Meu coração estava saindo do peito no momento que ela disse aquilo. Eu não estava acreditando que tudo o que estava vivendo era real. Para mim poderia ser apenas um sonho. A mulher que eu amo me traiu, da pior forma.

— Tem algo pior do que você entrar na minha vida como uma culta mulher e sair dela como uma detetive contratada por vingança? Algo pior do que quase me fazer perder a guarda do meu filho para sempre? Me diz, o que é pior? — Eu nem conseguia chorar, só gritar.

— Beatrice não estava sozinha nessa.

— Ah, que maravilha. Todos os traficantes que aprendi ao longo da minha carreira na PM decidiram se juntar, montar um plano e acabar comigo, e para isso escolheram Beatrice?

— Francisco é o nome dele. Fez curso com você.

Como poderia ter me esquecido dele? Ele também estava por trás de tudo isso, como não percebi.

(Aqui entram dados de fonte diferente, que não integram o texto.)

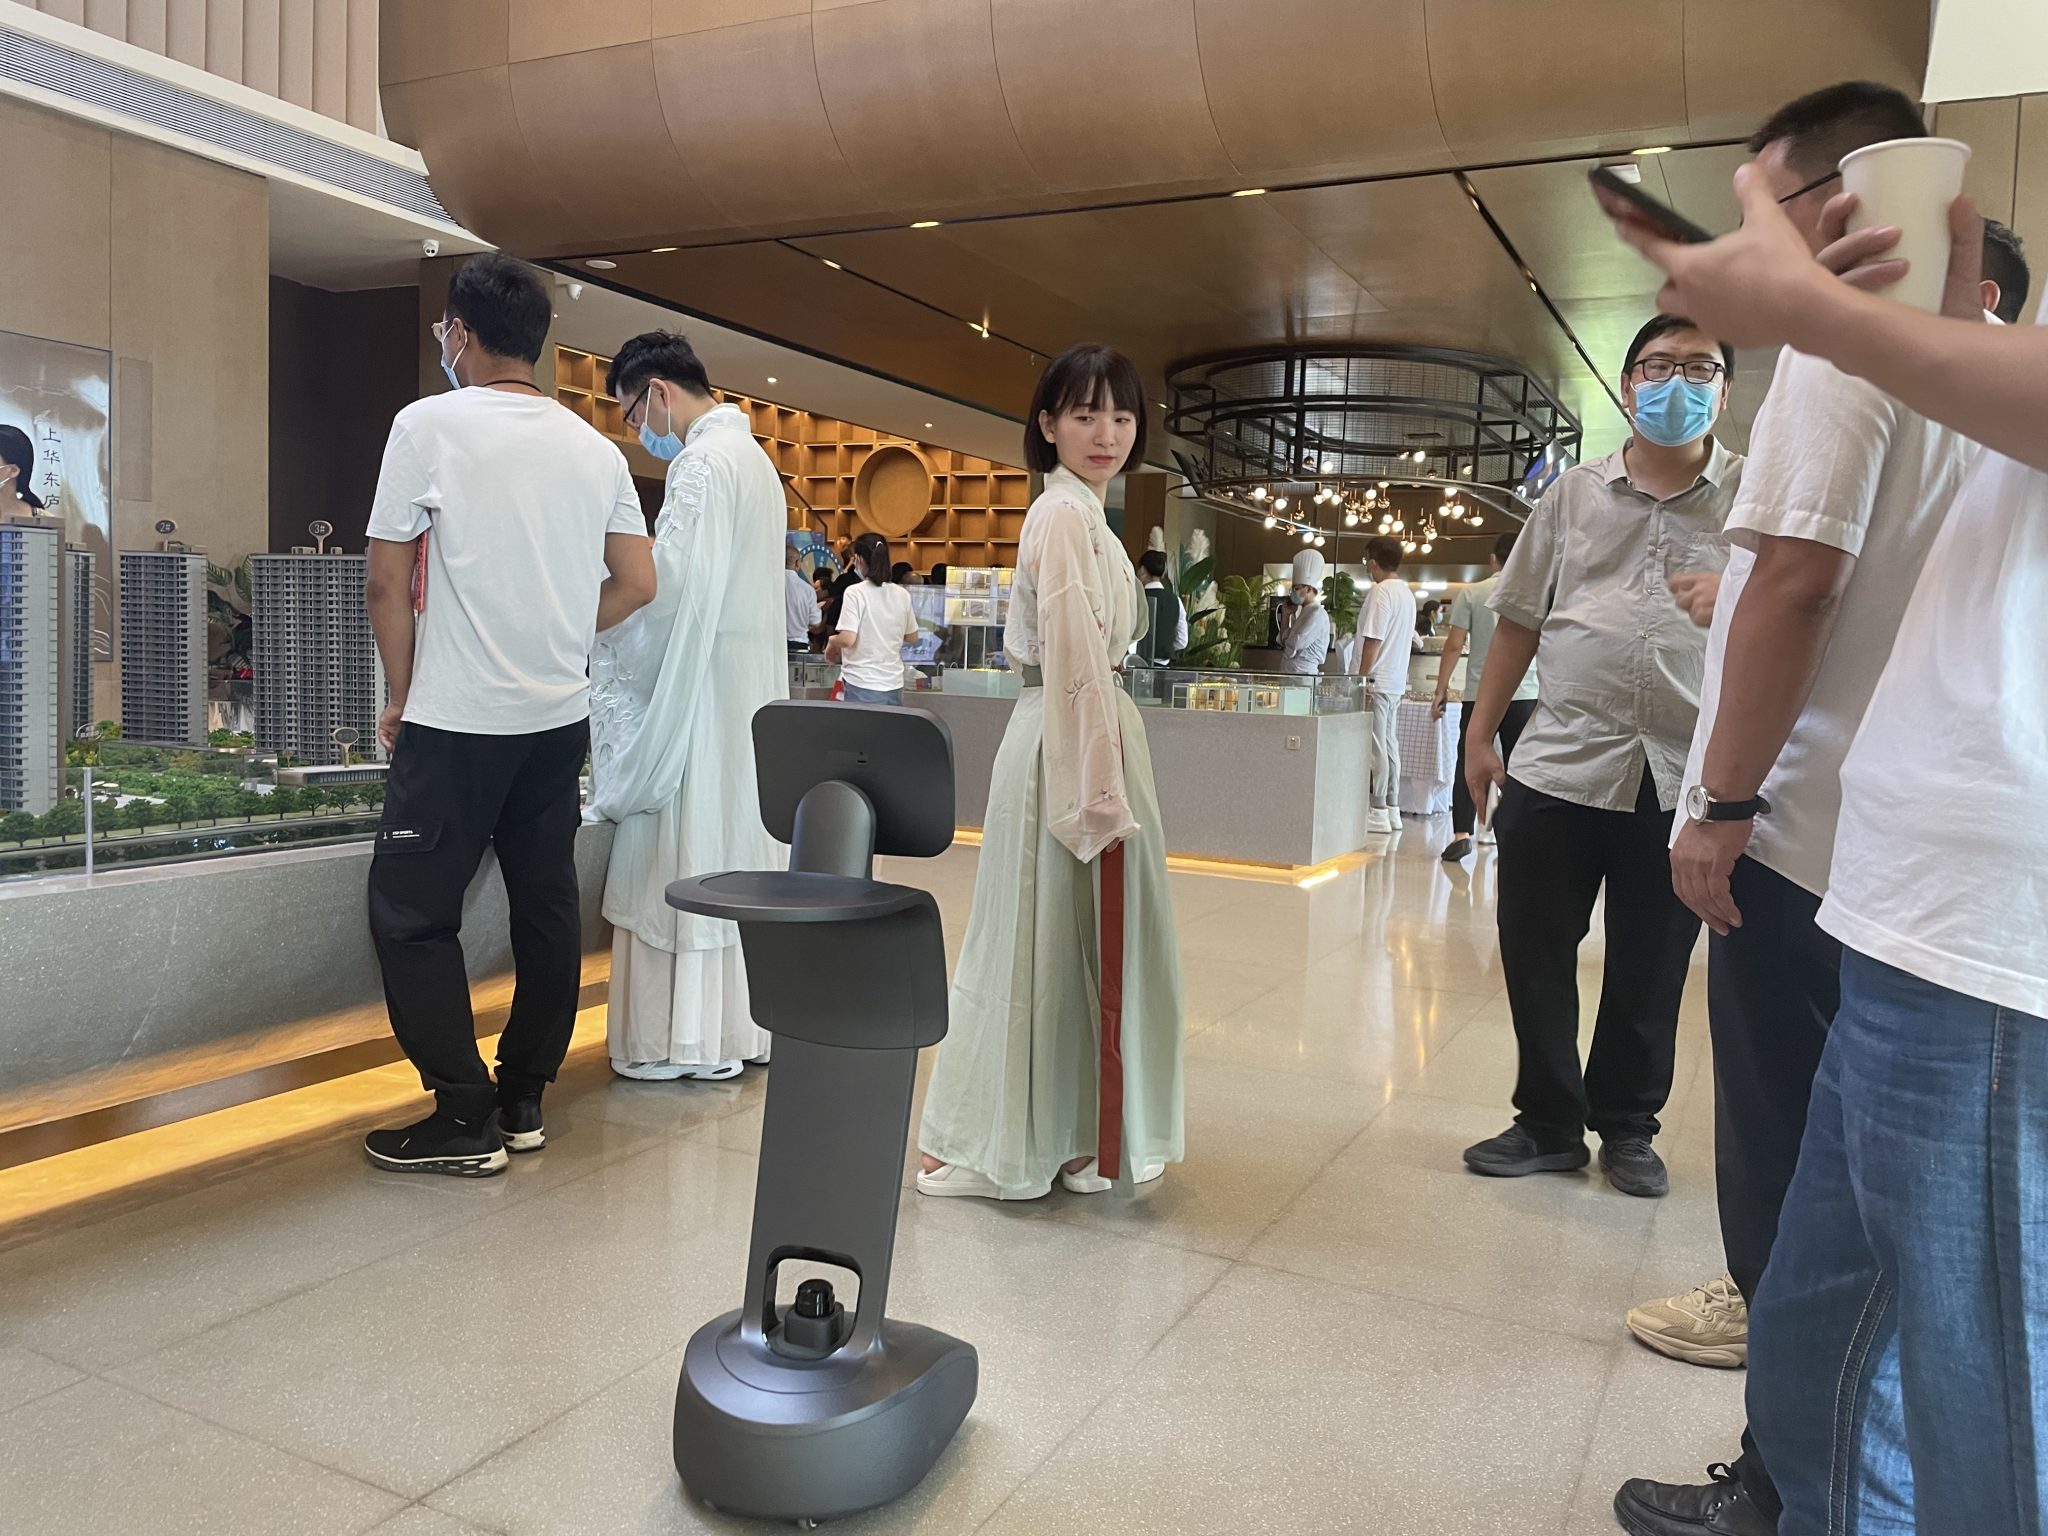 智能机器人temi助力“上华东庐美学生活馆“盛大开放
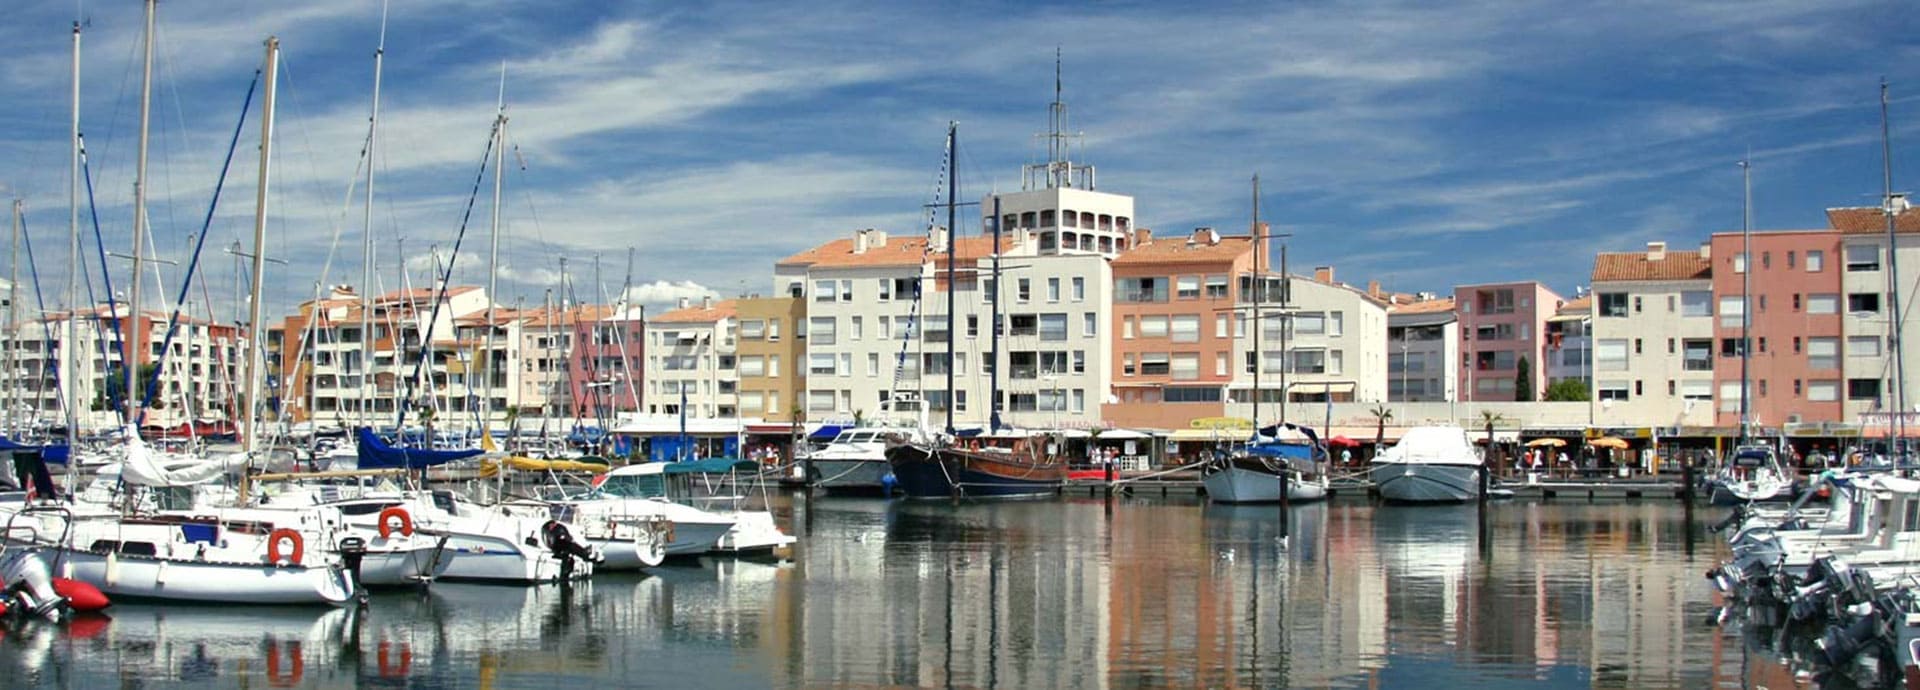 Le port du Cap d’Agde, station balnéaire située dans le département de Hérault

— No início, quando me encurralaram e conversaram, Beatrice estava junto o tempo todo. Até o momento que eu estava indo embora e Francisco me parou, me sufocando com a mão no meu pescoço. Ele ordenou que eu te matasse.

Eu não sabia como reagir. A cada vez que ela abria a boca era como uma facada no estômago. Como alguém poderia ser tão sangue frio assim?

— Eu...

— Sarah, só quero ouvir uma única coisa da sua boca a partir de agora. Seja sincera, por favor — digo sério. — Você me amou de verdade durante esse tempo juntos?

— Cadu...

— Responde!

— Não, no início não. Era só um plano. Eu queria sair logo dele.

Assinto, abaixando a cabeça, olhando meus pés e respirando pesado.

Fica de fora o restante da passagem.